→ WHAT IS REQUIRED: Shown below are entries with pictures; the line with "BMW X5 M 2020" through the line with "De izquierda a" is the span to retype exactly, and the pictures stay out.

→ DATA RECORDS:
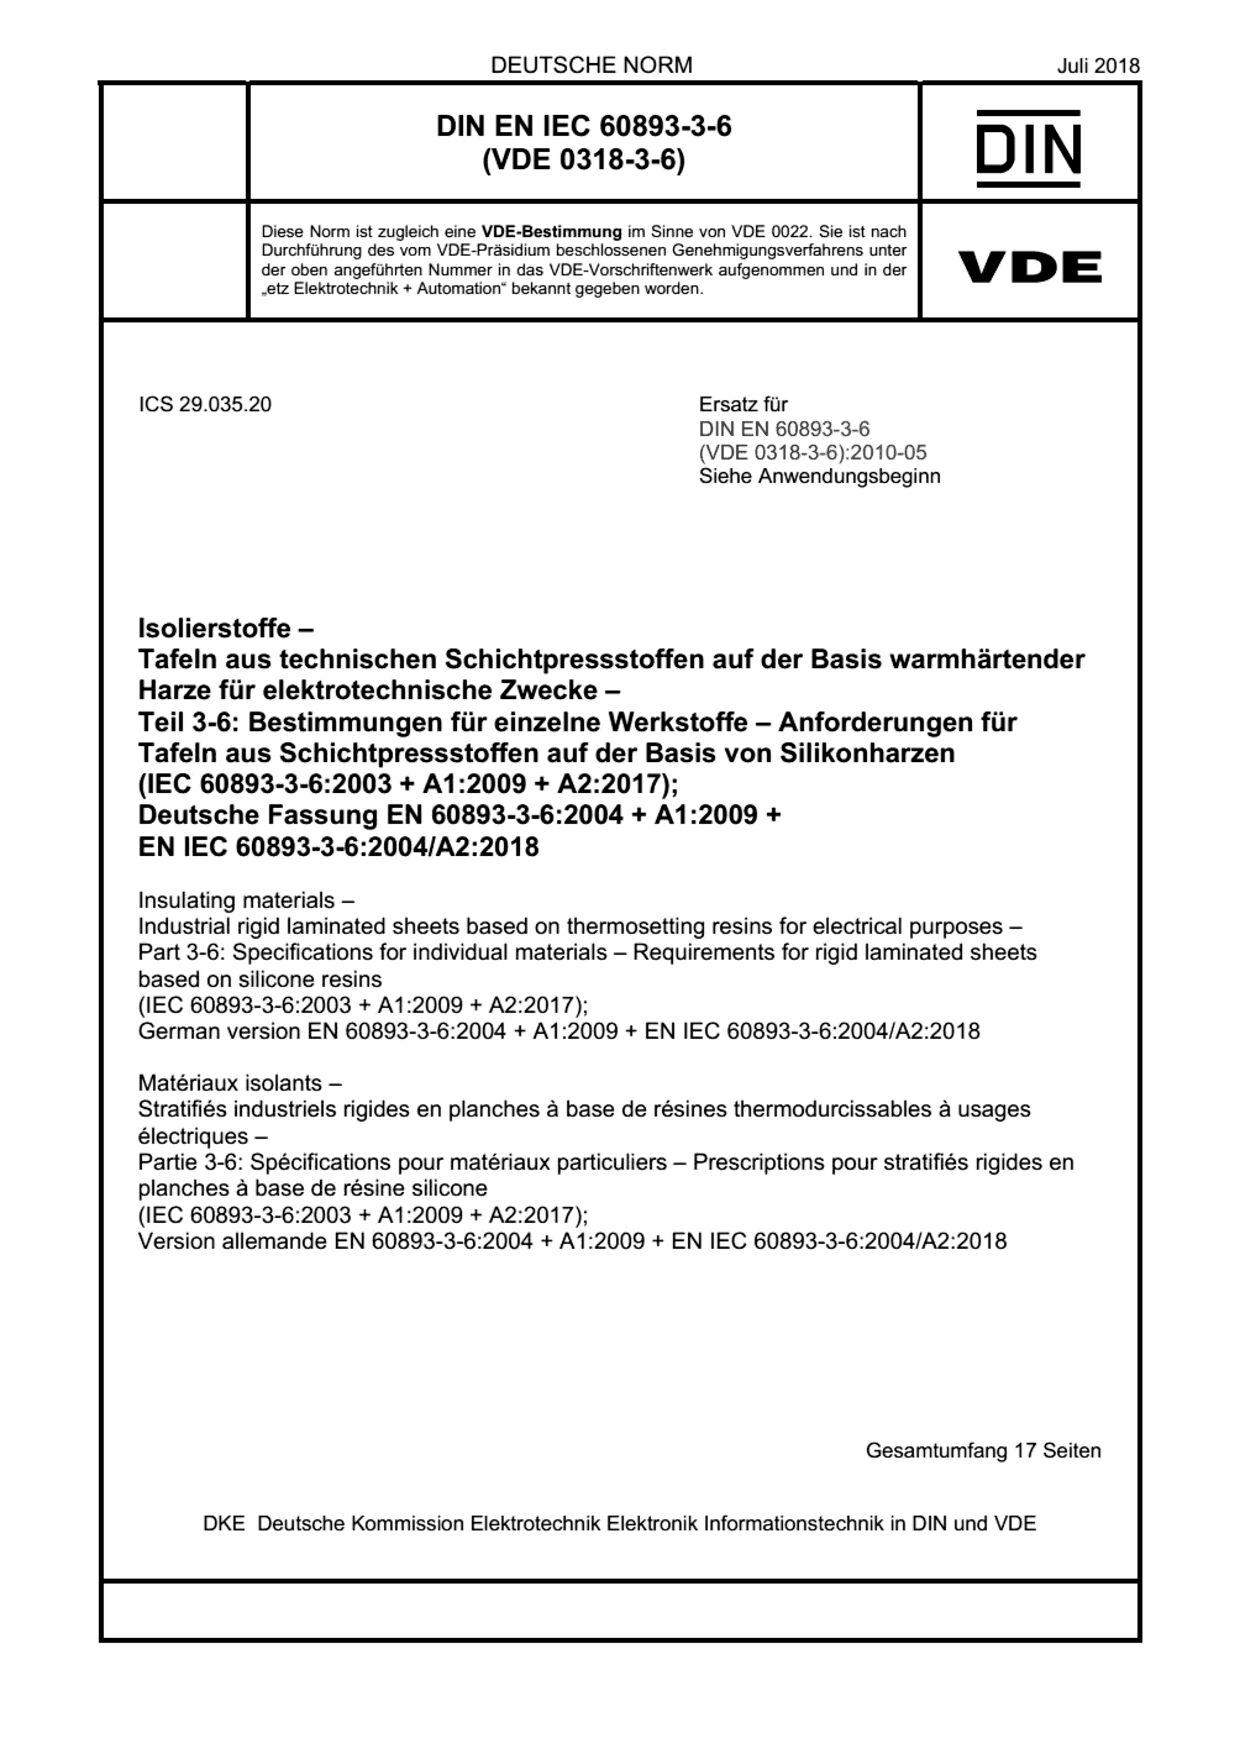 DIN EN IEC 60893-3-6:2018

* * *

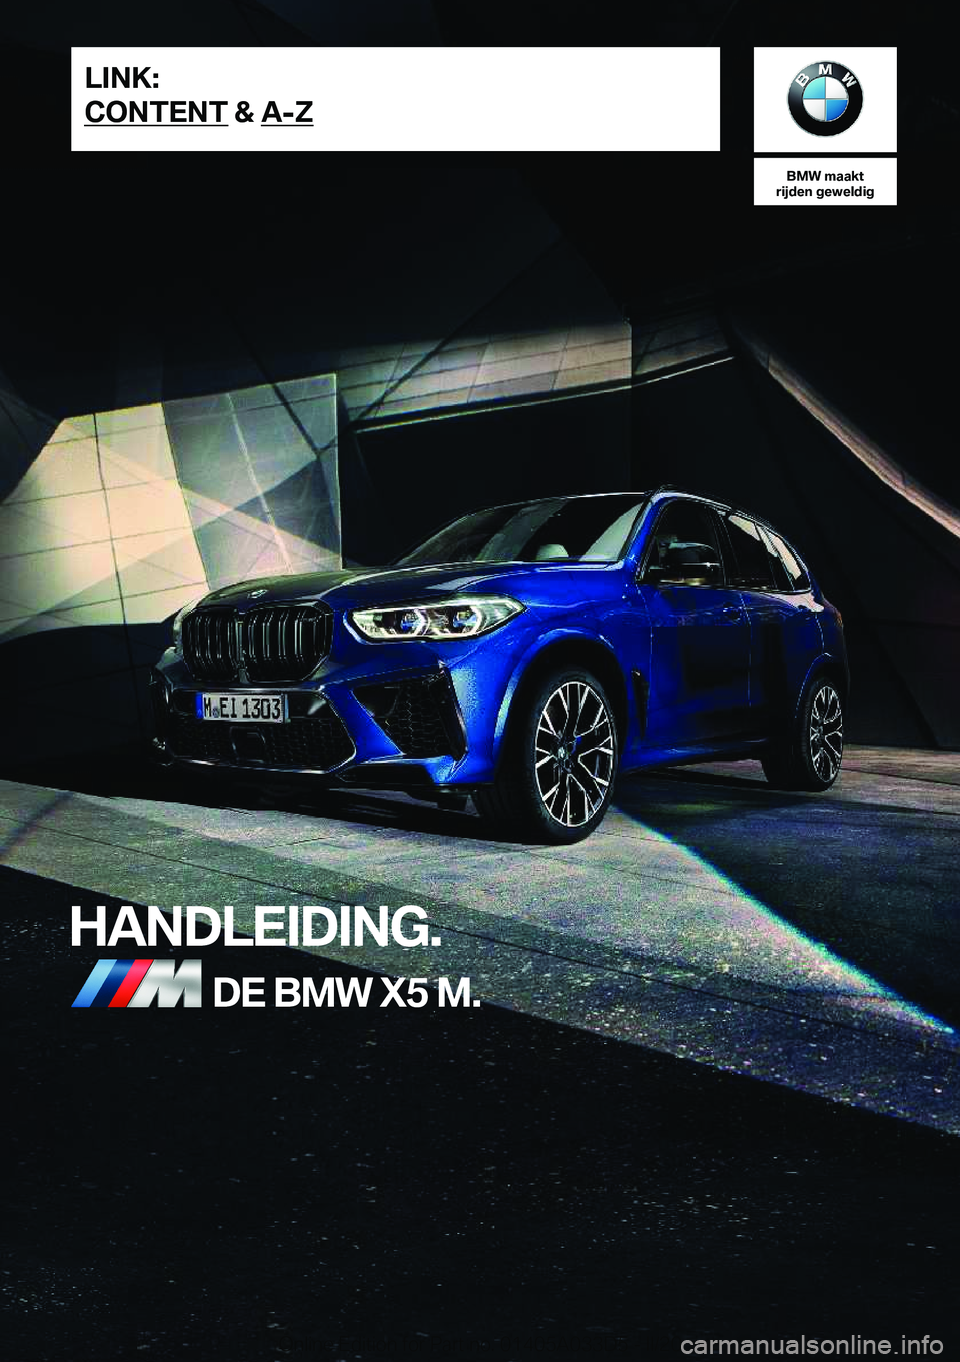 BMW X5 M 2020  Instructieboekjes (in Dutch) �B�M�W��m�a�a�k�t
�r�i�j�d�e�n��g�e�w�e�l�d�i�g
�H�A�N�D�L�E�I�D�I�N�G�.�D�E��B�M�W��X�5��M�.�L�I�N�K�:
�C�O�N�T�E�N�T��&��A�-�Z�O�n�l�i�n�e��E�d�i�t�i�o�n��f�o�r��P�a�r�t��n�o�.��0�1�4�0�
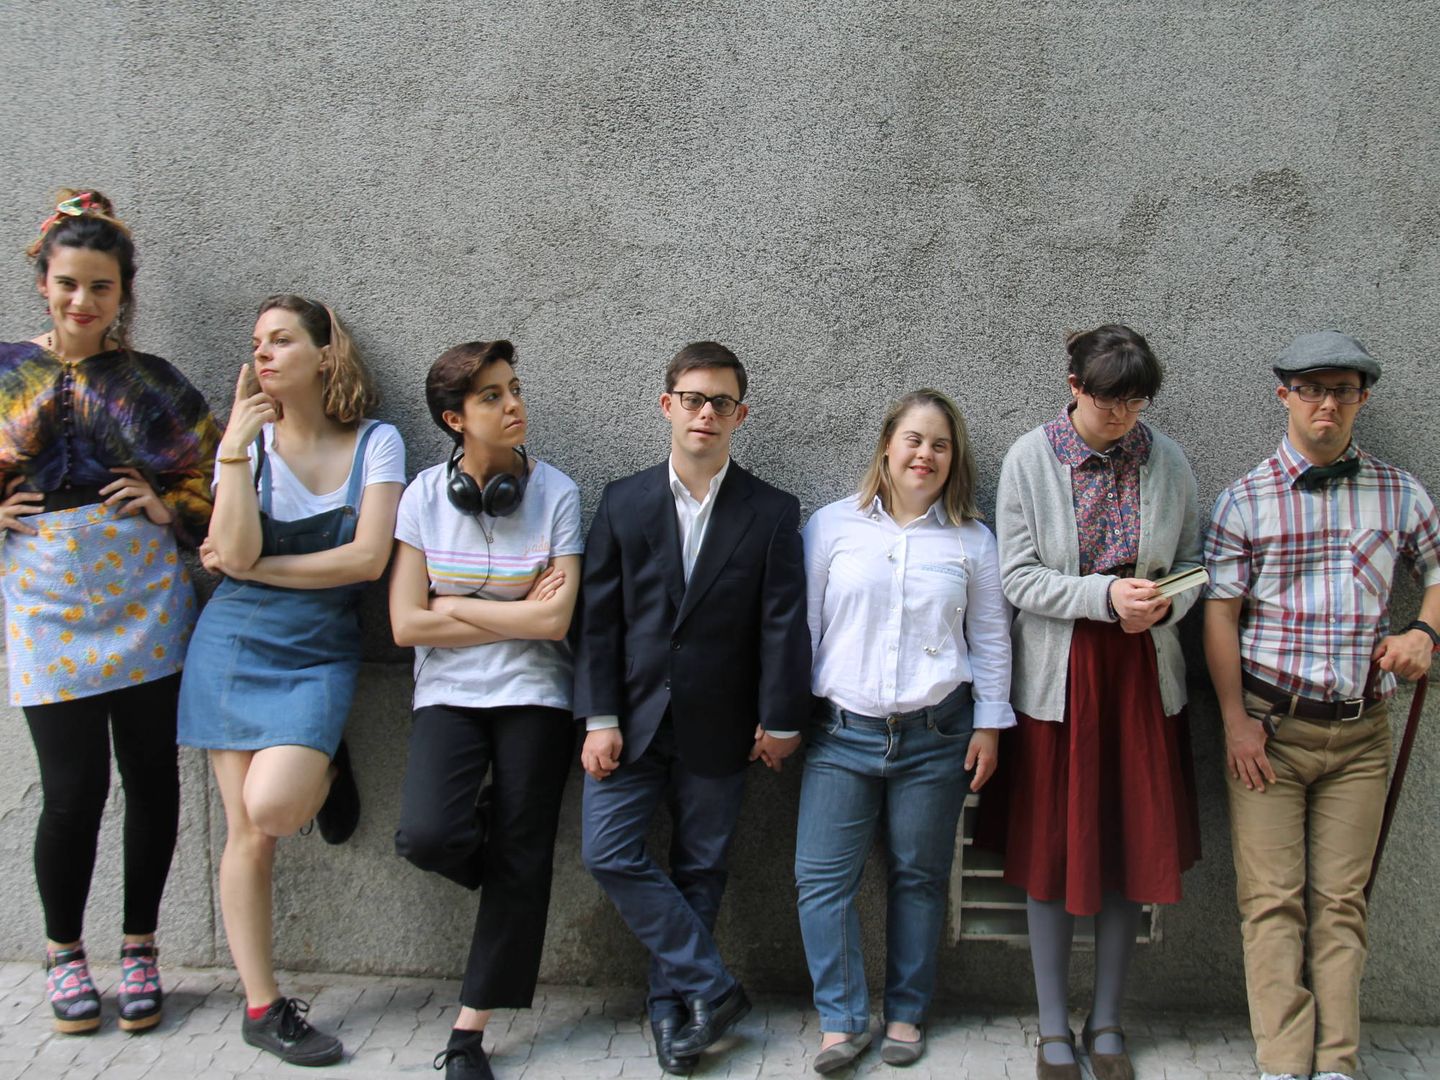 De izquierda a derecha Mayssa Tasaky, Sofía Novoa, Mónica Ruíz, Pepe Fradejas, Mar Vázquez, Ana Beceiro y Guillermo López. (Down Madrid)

→ SOLUTION TO THIS EXERCISE:
 BMW X5 M 2020  Instructieboekjes (in Dutch) �B�M�W��m�a�a�k�t
�r�i�j�d�e�n��g�e�w�e�l�d�i�g
�H�A�N�D�L�E�I�D�I�N�G�.�D�E��B�M�W��X�5��M�.�L�I�N�K�:
�C�O�N�T�E�N�T��&��A�-�Z�O�n�l�i�n�e��E�d�i�t�i�o�n��f�o�r��P�a�r�t��n�o�.��0�1�4�0�
 De izquierda a derecha Mayssa Tasaky, Sofía Novoa, Mónica Ruíz, Pepe Fradejas, Mar Vázquez, Ana Beceiro y Guillermo López. (Down Madrid)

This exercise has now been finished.